The European airline industry has seen the future of aviation. It’s sleek and organic, carries a sextet of turbines, and its powertrain works a lot like the Chevrolet Volt.
The European aerospace consortium EADS has recently shown everything from its largest airliner, the Airbus A380, to its latest electric airplane idea, the E-Fan. But tucked inside the company’s huge chalet at the Paris Air Show was a small model where the two concepts meet — in 2050.
The E-Thrust project is part of the EADS Innovation Works program, a partnership with engine maker Rolls-Royce. The two companies are looking at ways to meet the European Commission’s future vision of air travel, which includes dramatic reductions in emissions and noise.
Like the NASA turboelectric distributed propulsion research project (TeDP), the EADS distributed electrical aerospace propulsion project (DEAP) uses a serial electric hybrid system to power the airliner of the future (AotF… just kidding).
Electric airplanes like the E-Fan, the long range Solar Impulse, or Chip Yates’ electrified Long-EZ all point to an ending where either range, speed or payload (often all three) are sacrificed for the ability to fly on pure electric power.
The idea behind the E-Thrust is to use several electrically driven fans to provide the thrust, but the power supply will be a gas-turbine engine employed during cruising when it just needs enough juice to stay in the air. When it needs more power — during takeoff and climbing — an “energy storage system,” (aka batteries) will provide an additional source of grunt for the fans.
As a starting point, the EADS concept has two banks of three electric fans tucked into the wing roots of the airplane. Because they can be much smaller than the fan-jet engines of today, they don’t have to hang from the wing, and are instead placed where they create less drag, and can also re-energize the air out the back. A single turbine engine in the tail ingests boundary layer air from the top of the fuselage in an effort to further reduce overall drag.
In many ways the E-Thrust concept is an electric deconstruction of current jet engine technology. Unlike the early days of jet aircraft, today’s airliners only get a fraction of their push from jet thrust. Most of the propulsion is provided by the giant fan at the front of the engine, which accelerates air just like a propeller.
These high bypass ratio fans are powered by the jets, and there’s no reason they couldn’t be powered by electricity instead. But since batteries are impractical in their current form, you need an alternative source to provide the majority of the power. So like Chevrolet has done with the Volt, EADS will use a relatively small jet engine as a generator to juice up the batteries.
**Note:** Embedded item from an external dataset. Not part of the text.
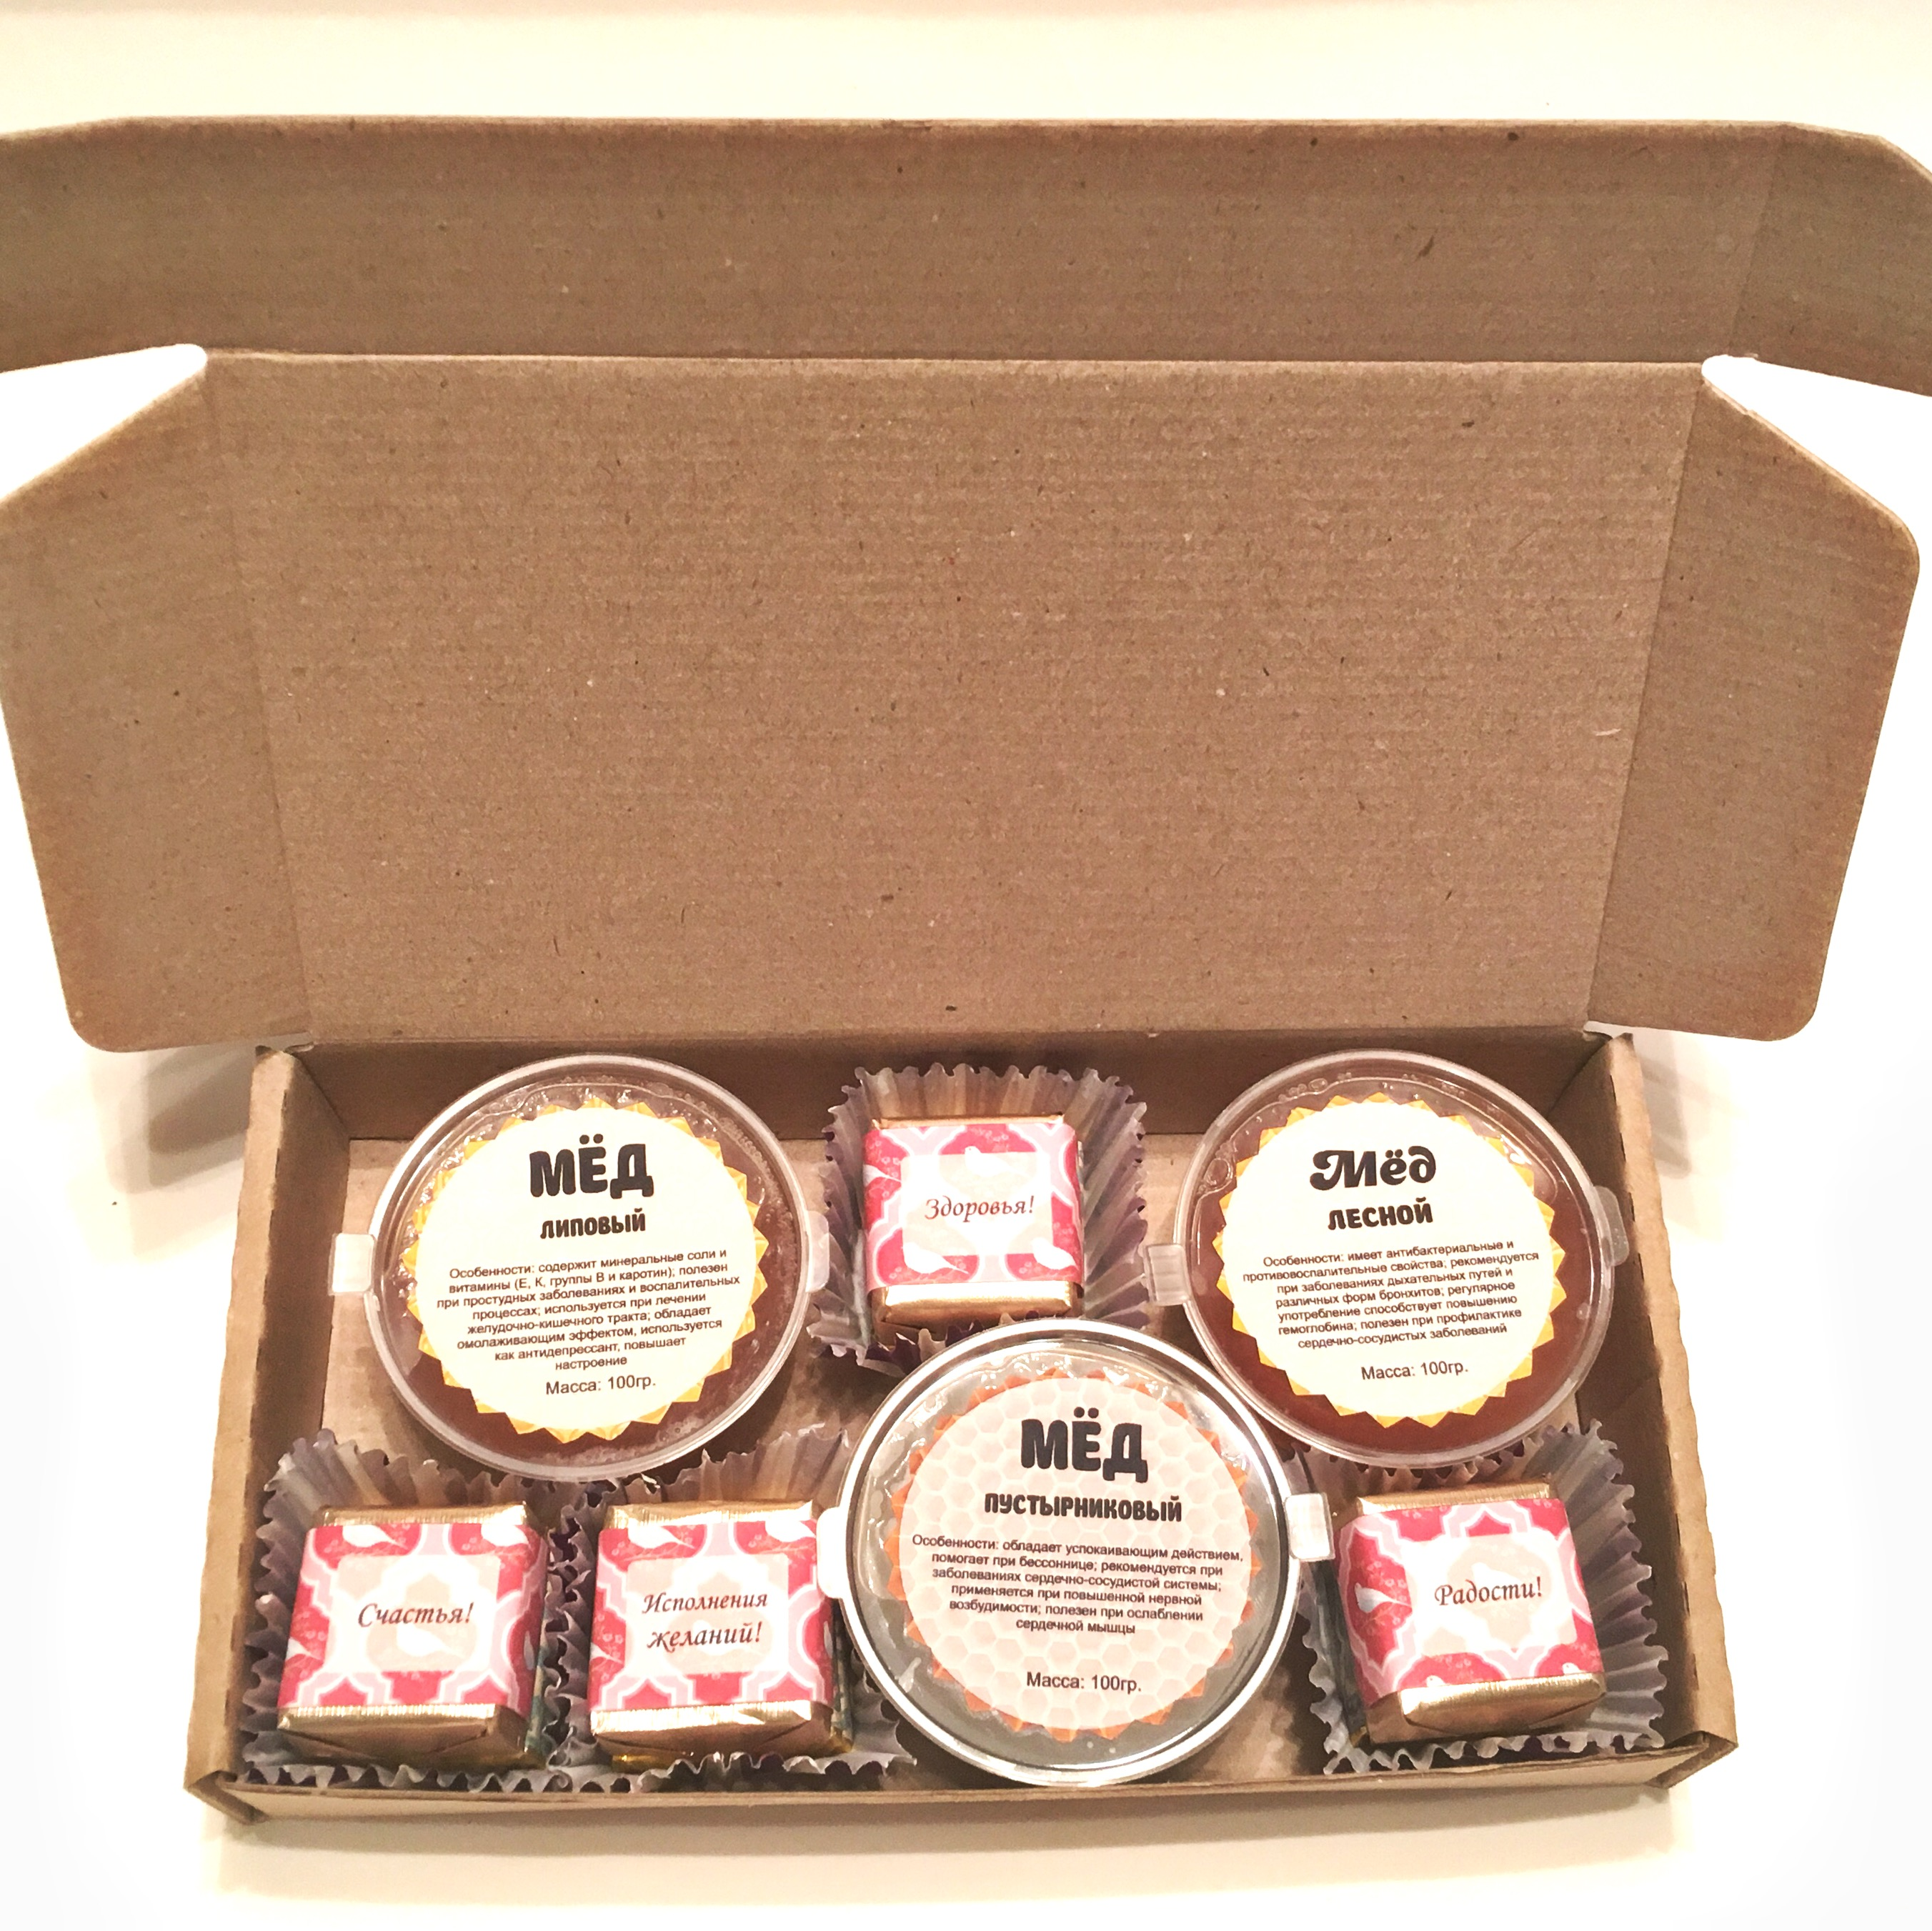 Набор №15. Состав: конфеты (16 шт.) + мед (80 мл. 3шт.)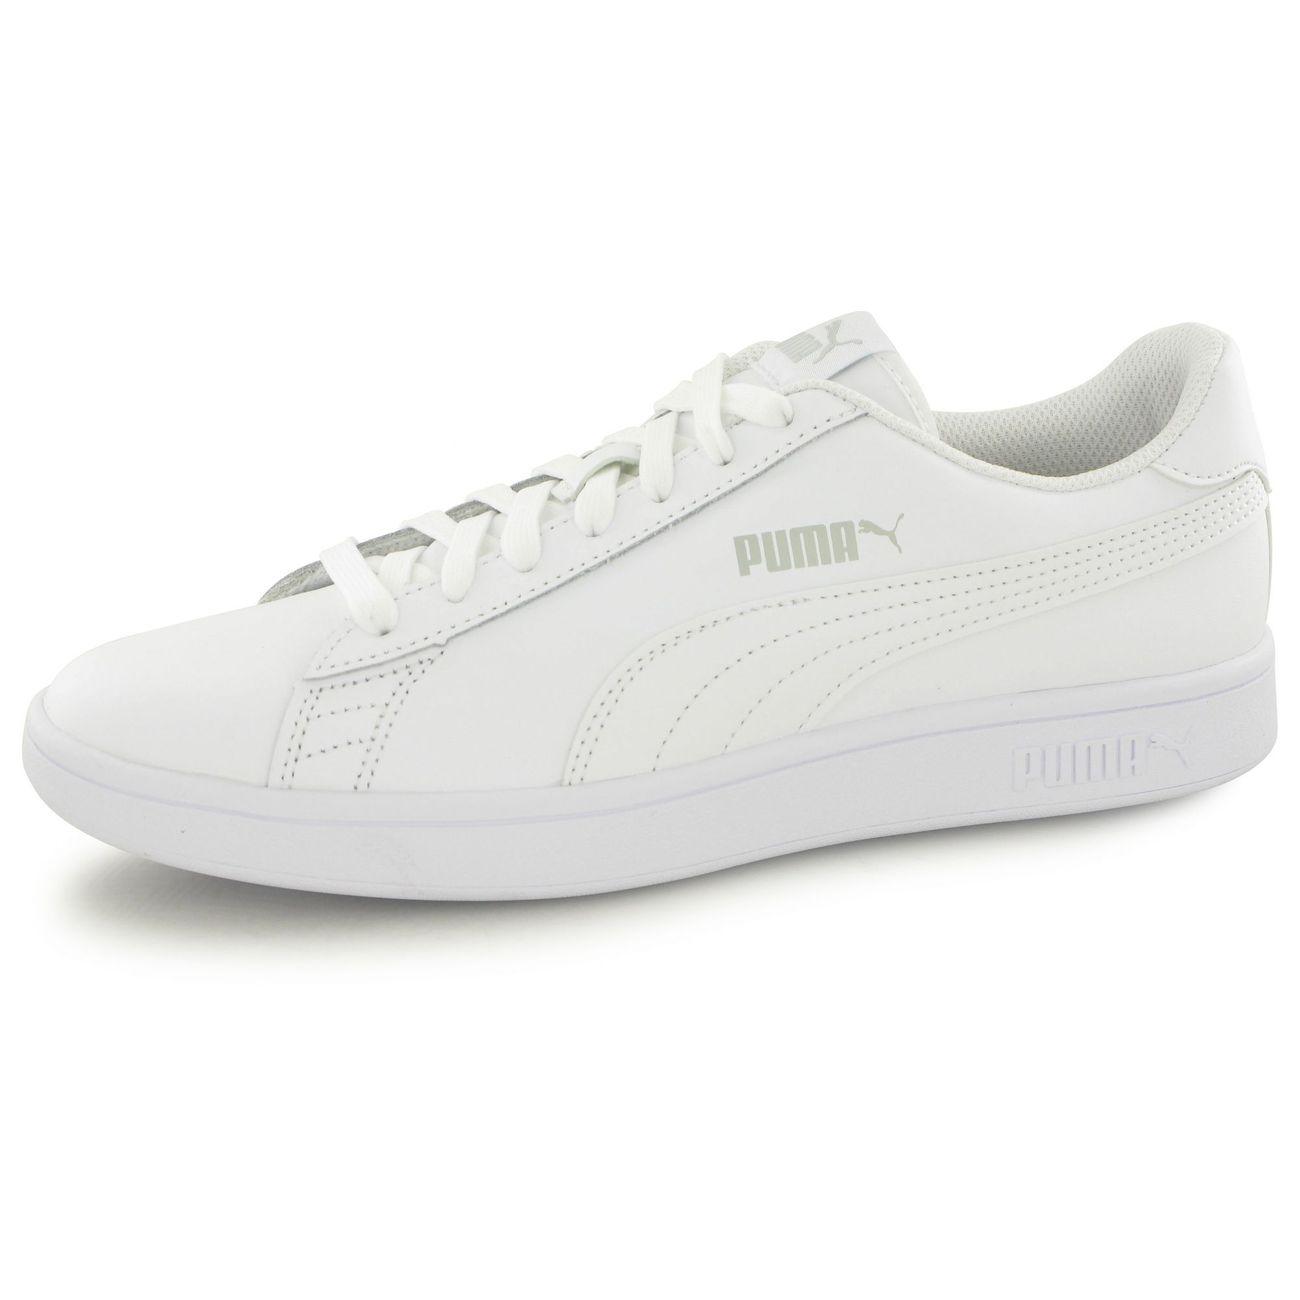 Mode- Lifestyle homme PUMA Puma Smash V2 L blanc, baskets mode homme

With power reduced during the descent, the windmilling electric fans could recharge the batteries on the airplane, providing a small amount of regenerative energy — or in car terms, “regenerative braking” similar to how hybrid-electric cars recoup energy when braking.
The fact that the E-Thrust on display in Paris was simply a plastic display on a podium is a clear indication that it’s still a long way from taking to the skies. Both the DEAP system from EADS and NASA’s TeDP rely heavily on superconducting motors to provide the electrical power needed for flight, without the massive amounts of heat that would be generated by standard electric motors.
We don’t expect to see an E-Thrust airliner — or a TeDP plane from Boeing — anytime soon. But both ideas show promise and could spawn a concept that isn’t destined to vaporplane limbo.